### What to do
Could you print the stretch of lines below from the one with "surface texture of" through the one with "Spice Girls - Classic", exactly as they stand and without any pictures?

### Listed entries

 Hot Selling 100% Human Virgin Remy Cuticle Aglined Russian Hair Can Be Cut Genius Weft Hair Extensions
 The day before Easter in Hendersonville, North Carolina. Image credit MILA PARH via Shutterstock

---

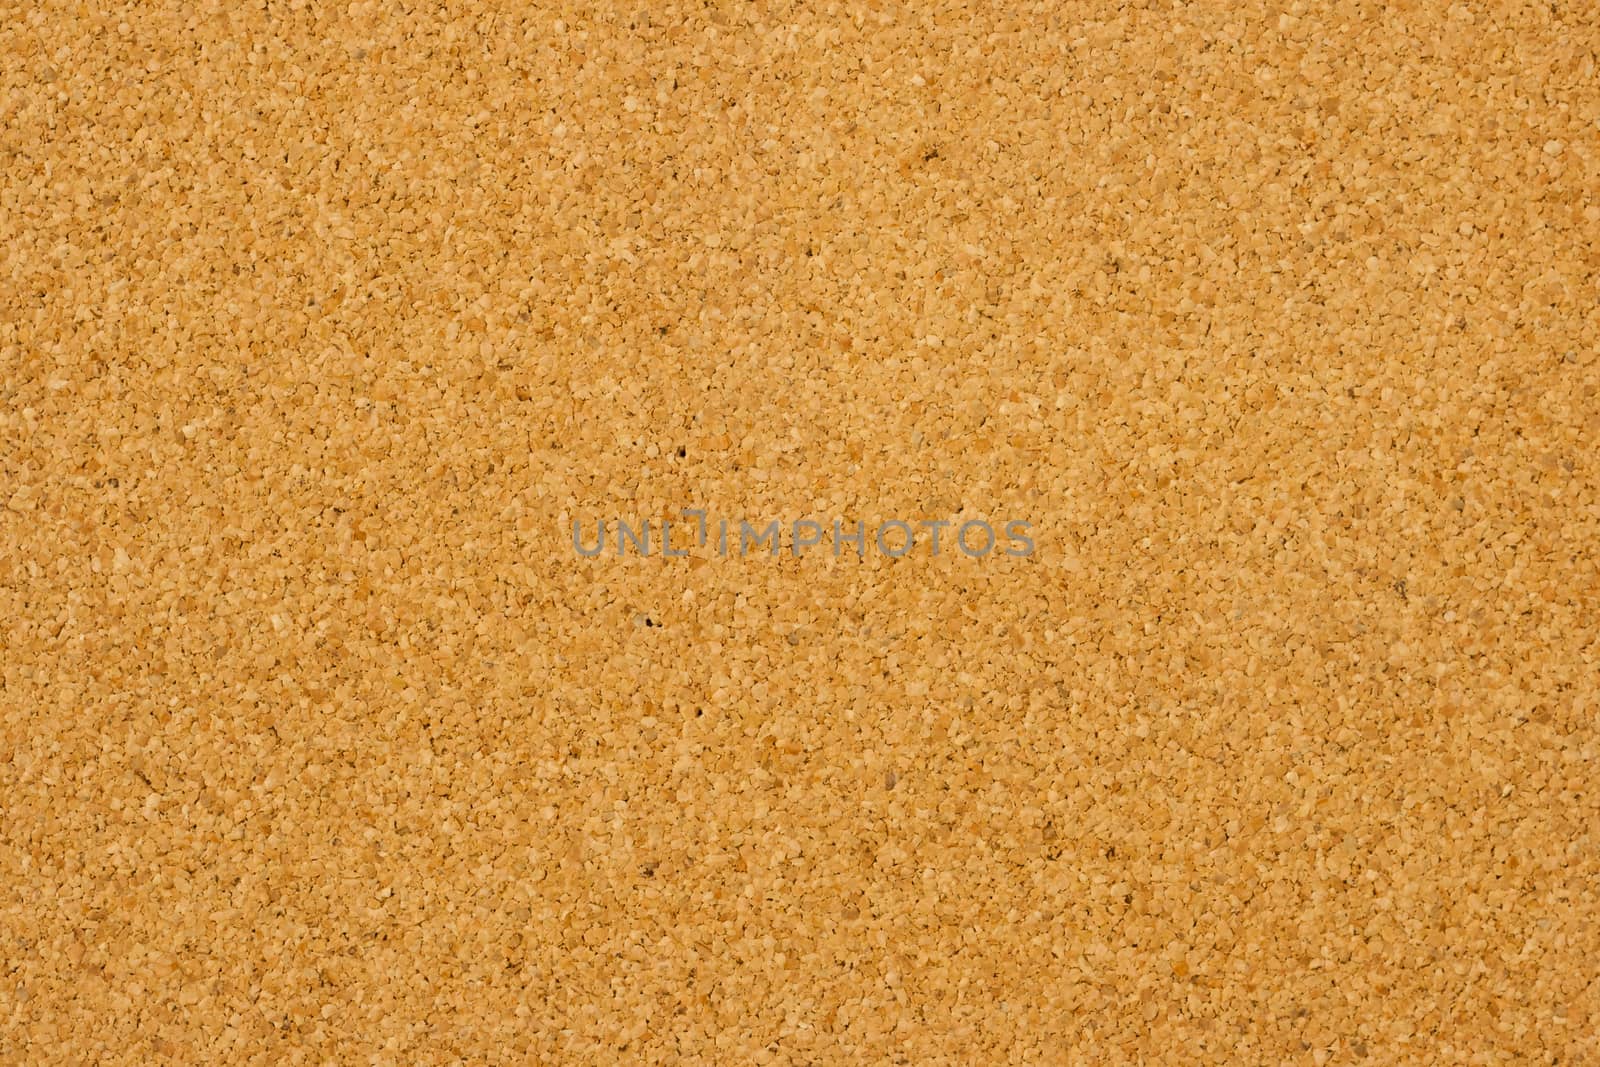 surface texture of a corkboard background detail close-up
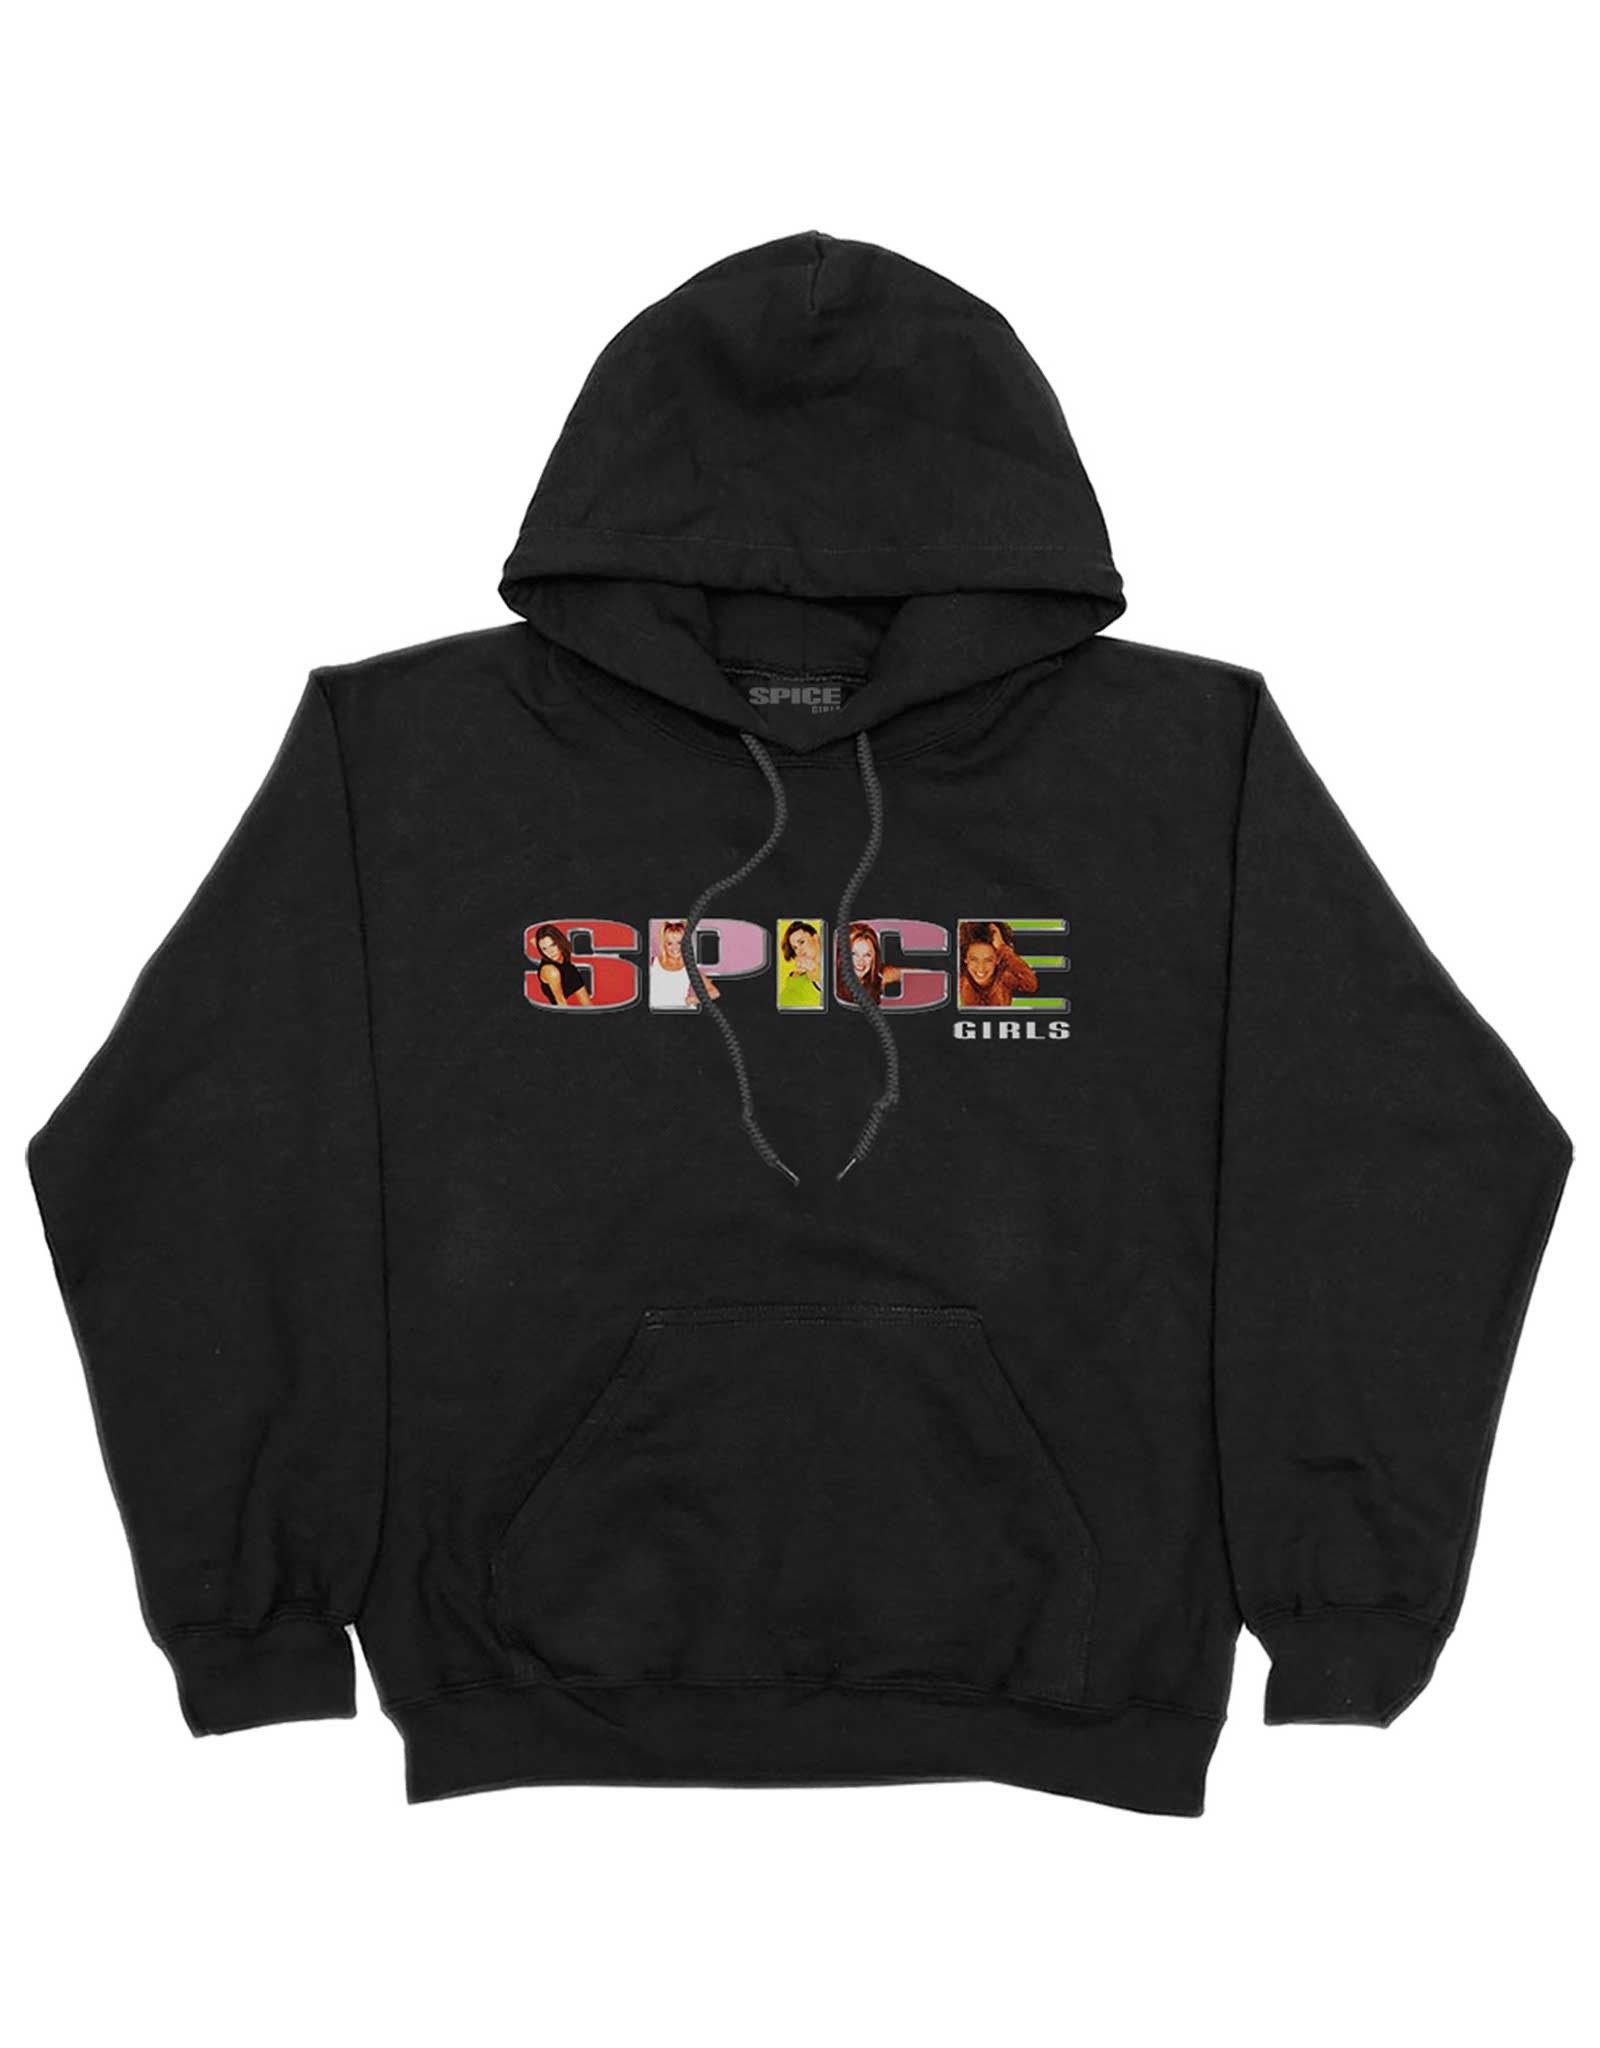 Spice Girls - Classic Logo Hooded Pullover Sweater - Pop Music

* * *

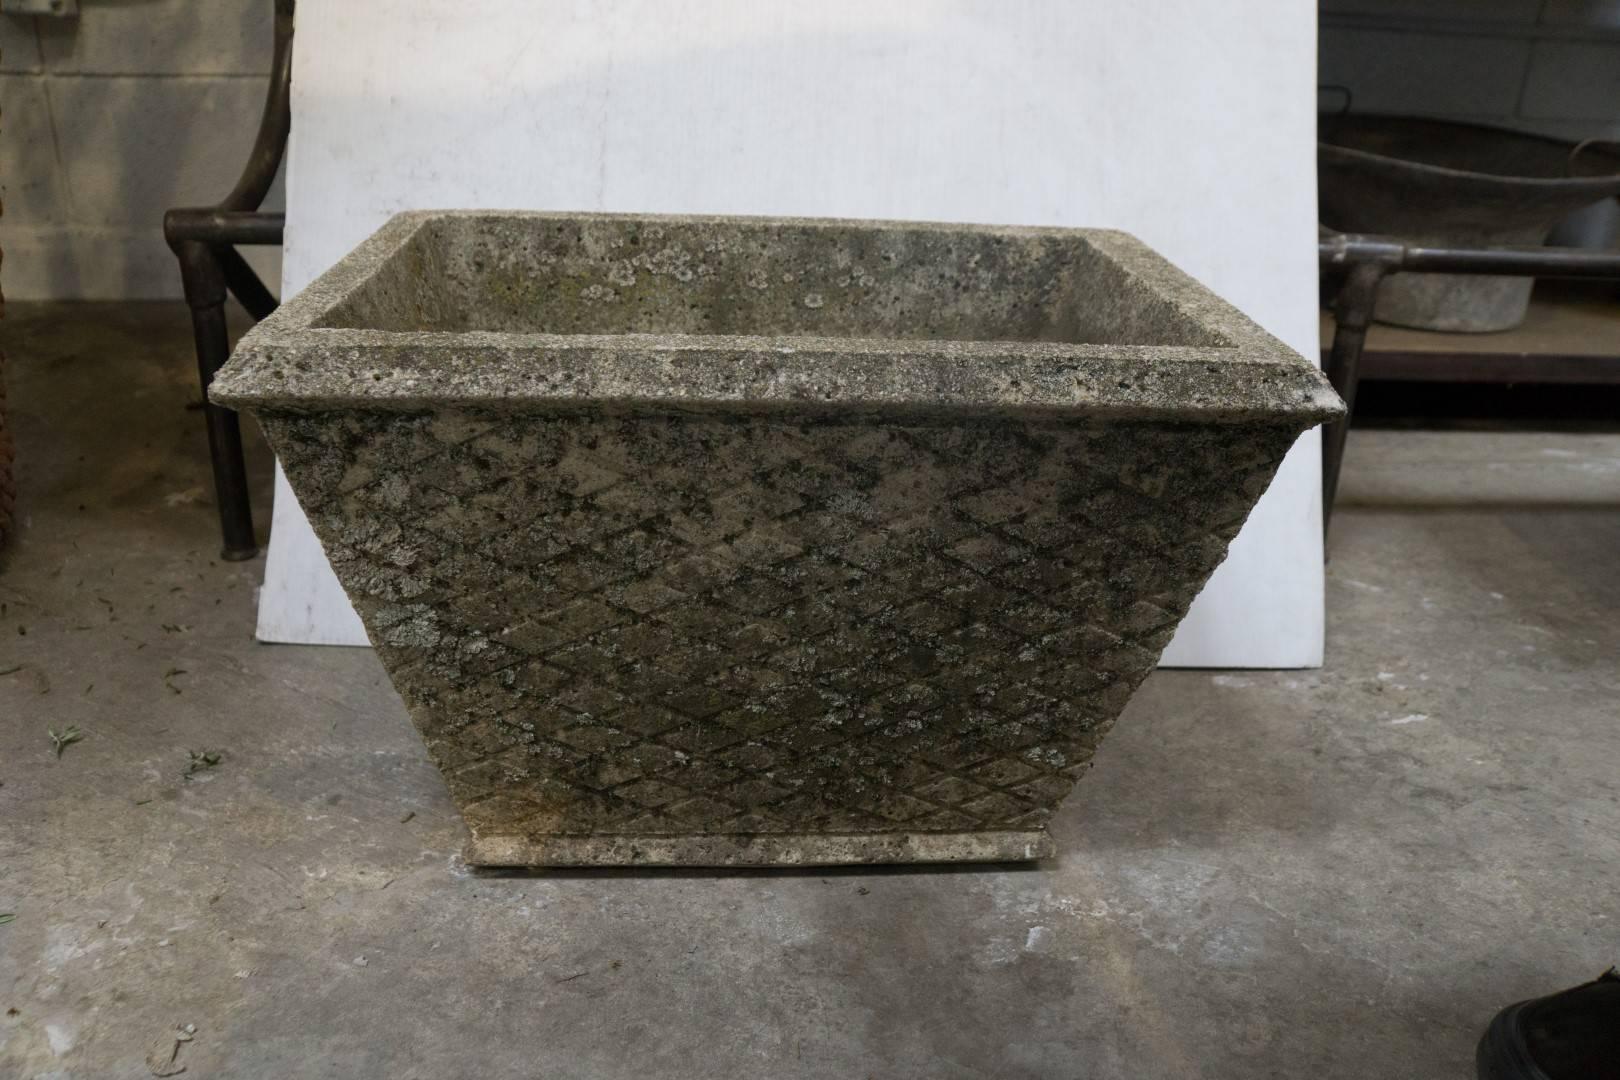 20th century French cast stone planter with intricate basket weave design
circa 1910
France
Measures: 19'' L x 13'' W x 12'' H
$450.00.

### Result for this task
 surface texture of a corkboard background detail close-up
 Spice Girls - Classic Logo Hooded Pullover Sweater - Pop Music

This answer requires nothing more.